I limped into a small antechamber. The door swung closed behind me. A door opened on the far wall.

I have been in prisons before, as part of my long-ago intelligence training. I knew how they worked. First the computer-run automated doors and biodetectors, all of which passed me through. Then the second set of doors, which are not Y-energy but carbon-alloy barred doors, run only manually because there are always people who can crack any electronic system, including retina prints. It’s been done. The second set of doors are controlled by human beings behind Y-energy screens, and if there are no human beings, nobody gets in. Or out. Not without explosives as large as the ones the Will and Idea people had already tried.

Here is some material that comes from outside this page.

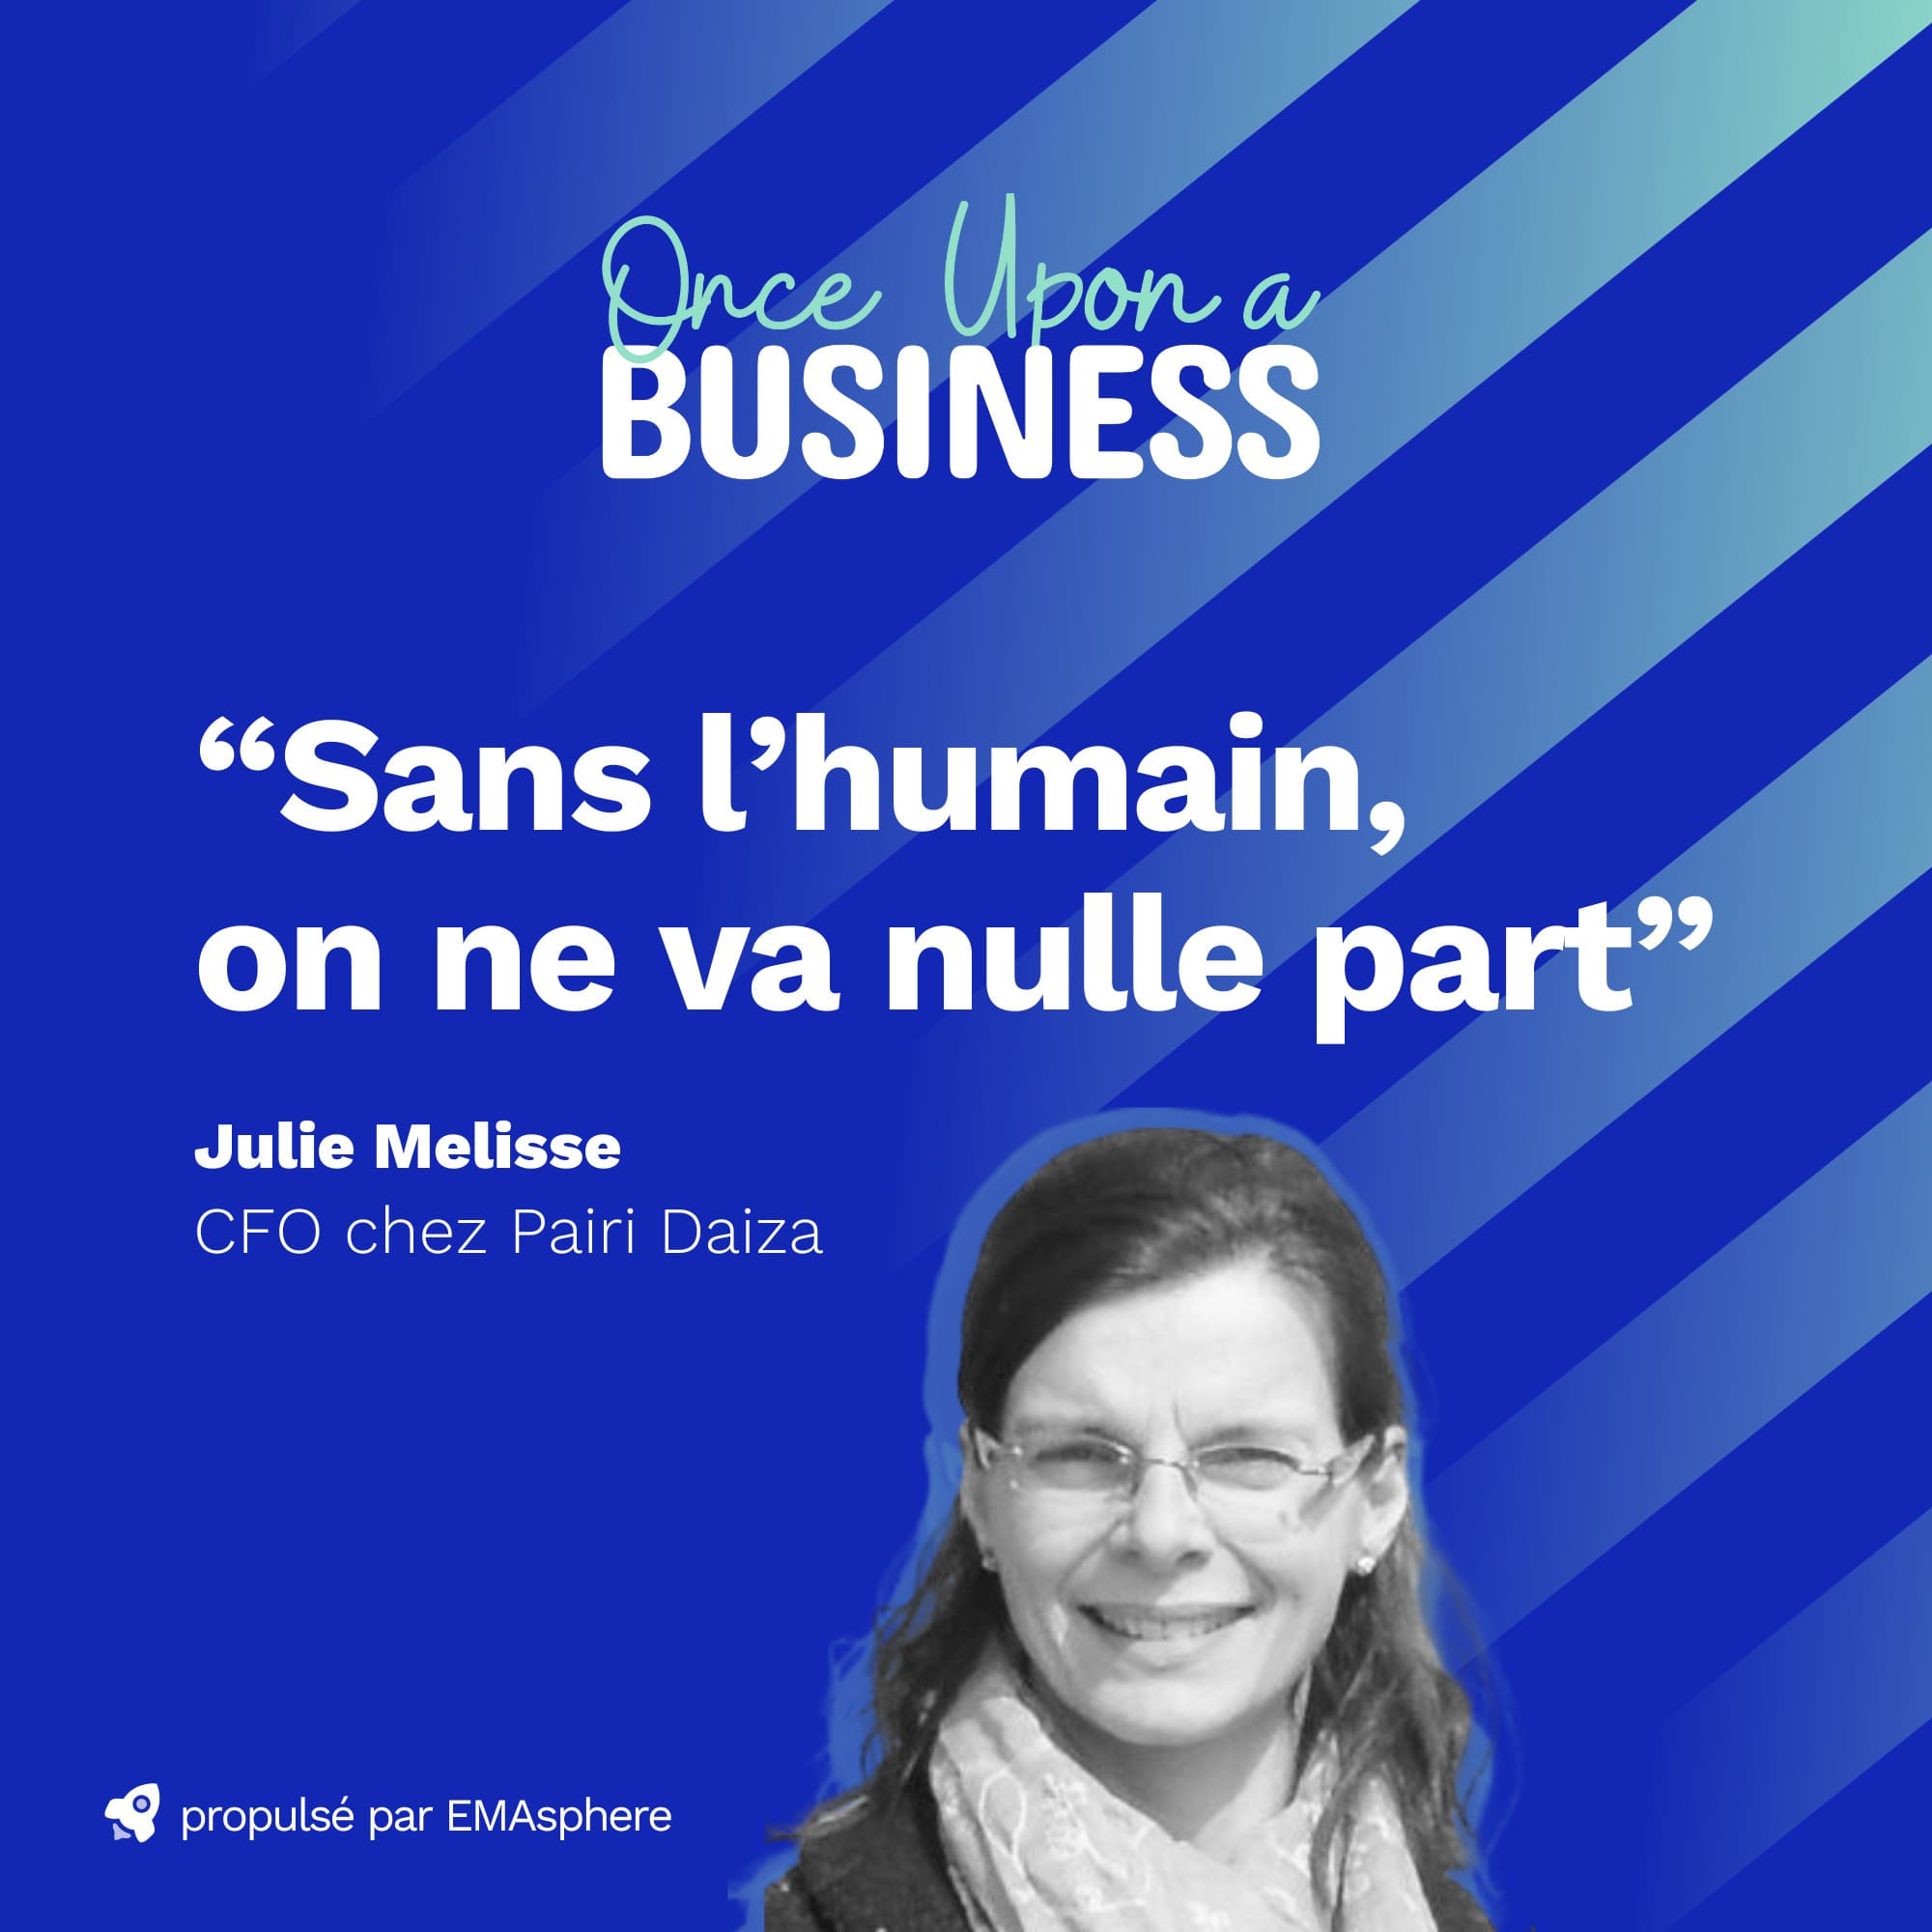 Julie Melisse est la nouvelle invitée de Once Upon a Business. 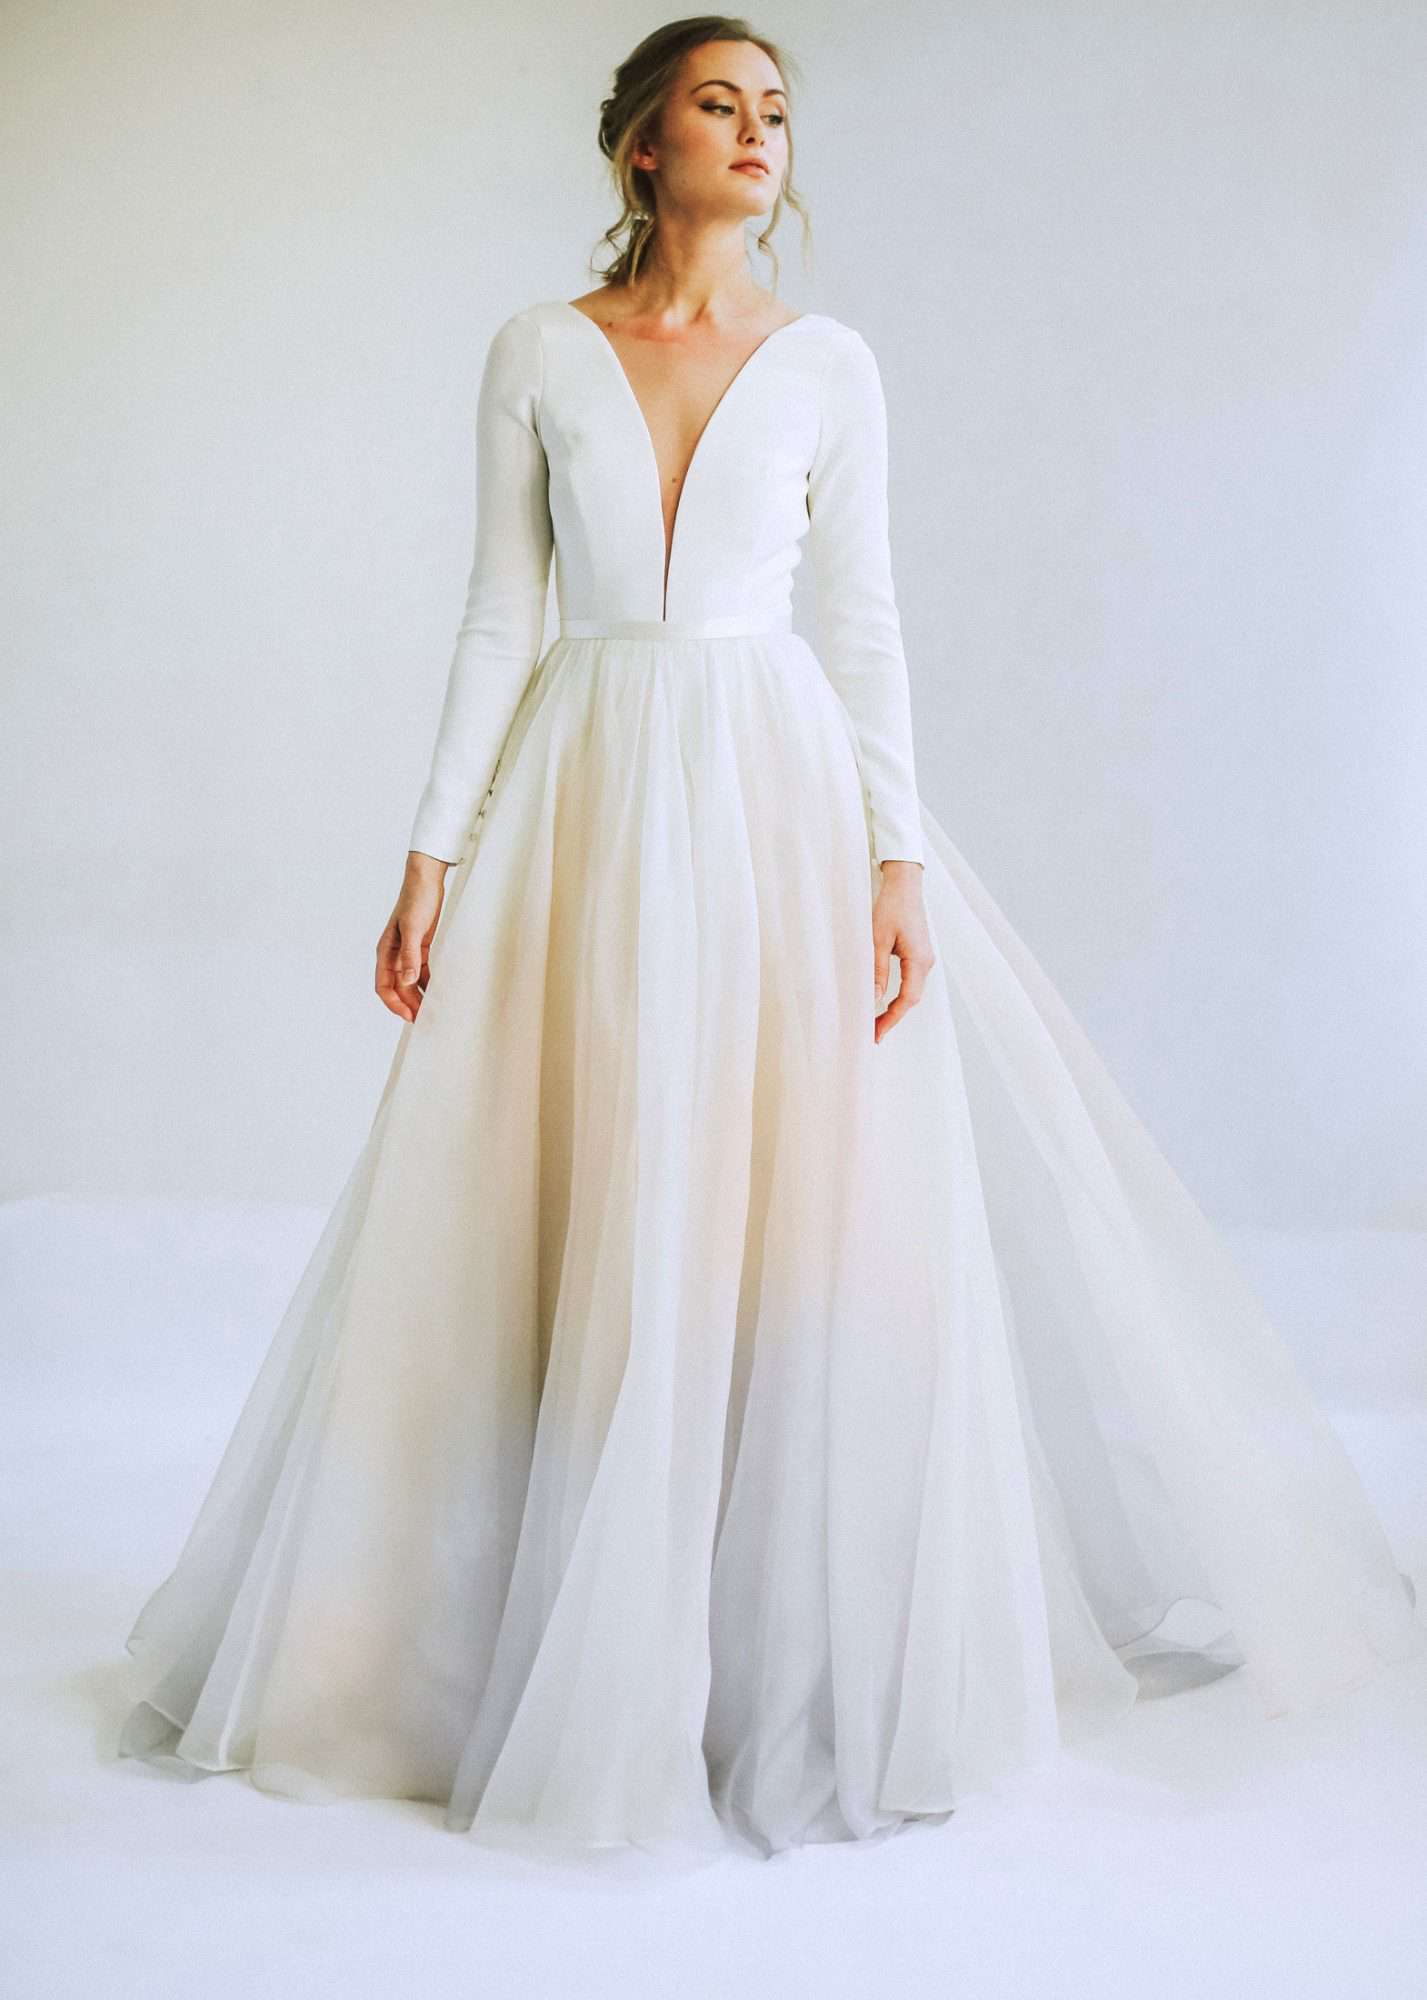 leanna marshall long sleeve deep slit bodice ball gown wedding dress spring 2020

I stood in front of the first barred door and peered through the cloudy window to the guard station, a window constructed of plasticlear and not Y-energy, because Y-energy, too, is vulnerable to enough sophisticated electronics. There was a figure there.

Somehow Huevos Verdes must have brought in their own people — when? How ? And what had they done with the donkey prison officials?

The barred door opened.

Then the next one.

And the next.

There was no one in the prison yard. Recreation and dining halls on the right, administrative and gym on the left. I hobbled toward the cellblocks, at the far end. A solitary small building sat behind them. Solitary. The door opened when I pushed it.

I half expected, when I reached her cell, to find it empty, a rock rolled away from the tomb door. Playing with cultural icons…

But the SuperSleepless don’t play. She was there, sitting on a sleeping bunk she would never use, in a space ten by five, with a lidless toilet and a single chair. Stacked on the chair were books, actual bound hard copy printouts. They looked old. There was no terminal. She looked up at me, not smiling.

What do you say?

“Miranda? Sharifi?”

She nodded, just once, her slightly too large head. She wore prison jacks, dull gray. There was no red ribbon in her dark hair.

“They… your… the doors are open.”

She nodded again. “I know.”

“Are you … do you want to come out?” Even to myself I sounded inane. There were no precedents.

“In a minute. Sit down, Diana.”

“Vicki,” I said. More inanity. “I go by Vicki now.”

“Yes.” She still didn’t smile. She spoke in the slightly hesitant manner I remembered, as if speech were not her natural manner of communication. Or maybe as if she were choosing her words carefully, not from too few but from an unimaginable too many. I moved the books off the chair and sat.

She said the last thing I could have anticipated. “You’re troubled.”